Monday, April 13, 2009

When a Glitch Is Not a Glitch

If you've been following the Amazon delisting debacle (#amazonfail in the Twitterverse and well chronicled in posts on Dear Author here, here, and here), then you probably know that late yesterday afternoon, an Amazon spokesperson announced that it was all just a glitch, not the result of a deliberate policy decision.

A lot of folks have been calling shenanigans on that explanation, but I think it's at least partly true. There's no doubt in my mind that sales rankings are being stripped from books by a programming algorhythm that looks for certain metadata "category" tags. The books are stripped of their rankings and then are hidden from certain searches (although this seems inconsistent--some unranked books will display in some searches while others won't). This happens to a book if it has any of the offending tags (among them, apparently, the words "Gay & Lesbian," "Erotica" and "Sex"), regardless of its actual content. Thus, books ranging from Lady Chatterley's Lover to The I Do Anthology (a collection of essays in support of same-sex marriage), Foucault's History of Sexuality, Vol. 1, and The Ultimate Guide to Sex and Disability have all lost their sales ranking and, to some extent, are no longer readily searchable.

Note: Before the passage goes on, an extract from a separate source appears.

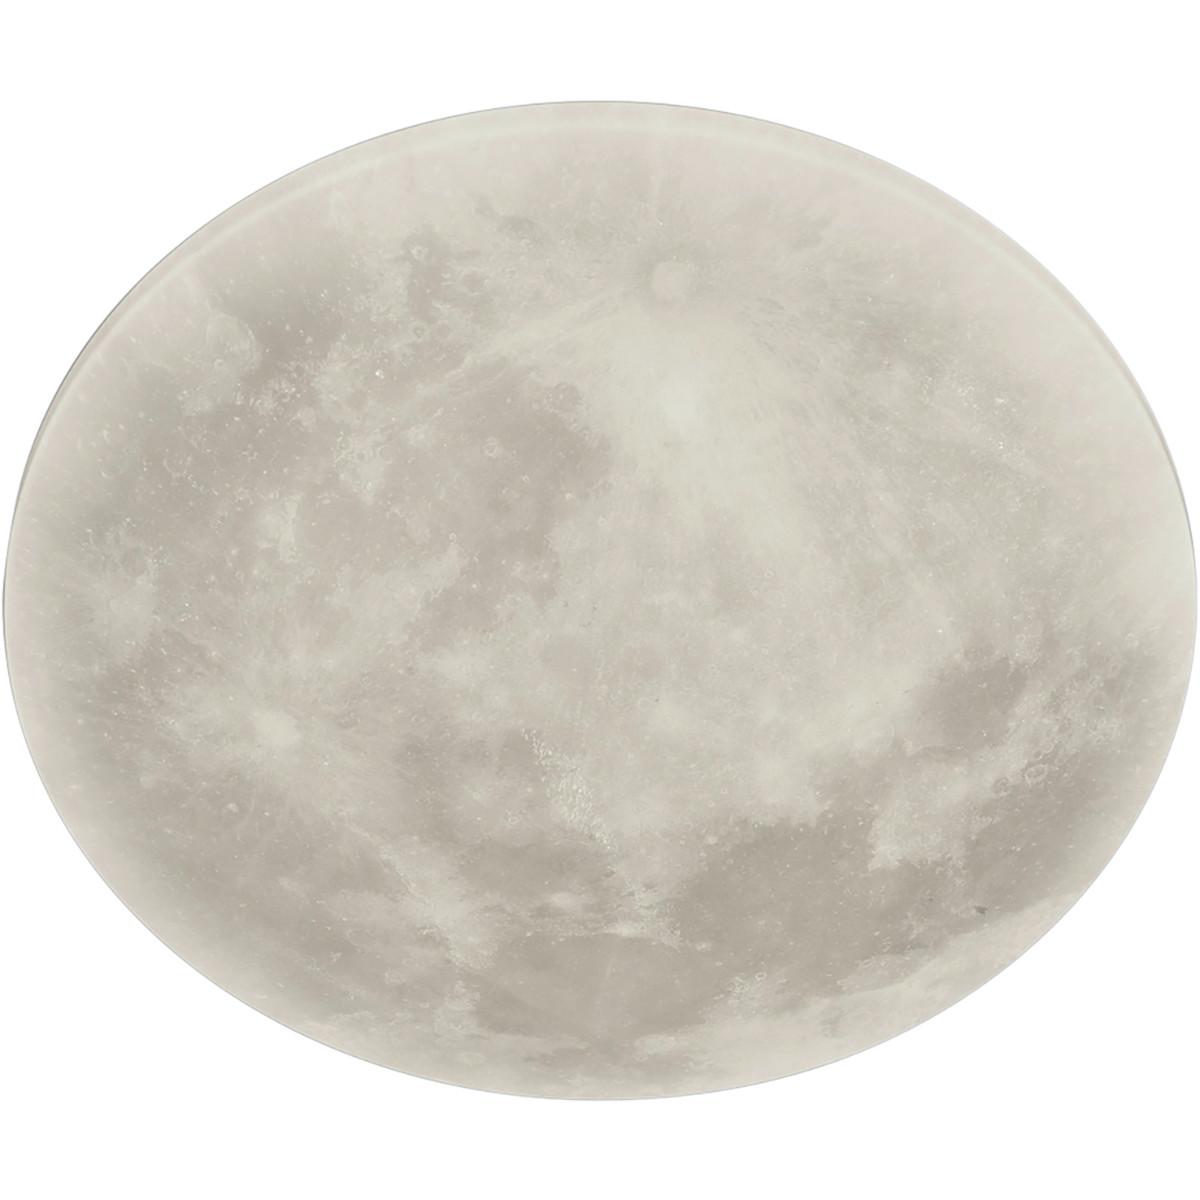 LED Plafondlamp - Trion Maan - 22W - Warm Wit 3000K - Dimbaar - Afstandsbediening - Rond - Mat Wit

So, since I just said I think the filtering is based on metacategory and is absolutely intentional, what do I mean when I say I think it's partly a glitch?

I mean that I don't think Amazon's intention was to filter out books like Heather Has Two Mommies or parenting books intended for same-sex couples or most of the books I just listed. It was simply an inintended consequence of implementing a filter that was intended to screen out "dirty books" and instead caught a whole bunch of other thoroughly inoffensive ones (while, I might add, simultaneously failing to screen out sex toys from a search on the word "rabbit"--something I find particularly amusing; why do erotic books lose their sales rankings while erotic appliances retain them?) in its too-wide net.

The outpouring of outrage on the part of the GLBT community has been loud and vitriolic, and rightly so. There's little doubt in my mind that Amazon will soon set about correcting its filtering matrix so that books that clearly don't belong in the "adult" category regain their sales rankings and become once again easily searchable.

What worries me is that few people seem to have a problem with Amazon's continuing to hide books with erotic content. In fact, I've seen a lot of comments that are tantamount to suggesting that Amazon's only mistake here was in not casting its net wide enough to catch all those other filthy romance novels out that that, while not tagged as "erotica," contain graphic descriptions of "teh secks."

All I can say is, huh? For the life of me, I cannot grasp the apparent nonchalance of some folks who are absolutely appalled by the delisting of non-erotic GLBT books but seem absolutely unperturbed by the delisting of books with erotic/sexual content and even keen on the notion of getting more of them delisted.

To those folks I say: Sex is part of the human experience. An important part. Sex is also a meaningful component of romantic love. And yes, damn it, sex is fun. Books that celebrate sex are no more deserving of ghettoization than books about any other topic. Should there be ways for people to indicate that they don't want such books showing up in their search results? Damn straight.

But please, let's leave those decisions to the end user, not to computers and corporate policies. Because that way lies censorship in its ugliest and most insidious form.

1 comment:

Shelli Stevens said...

Yeah, huh? Bottom line is it's censorship. Fortunately I haven't see TOO many people who are for this Amazon change. It was a big, big mess up. And Amazon's stock dropping this morning just proves it.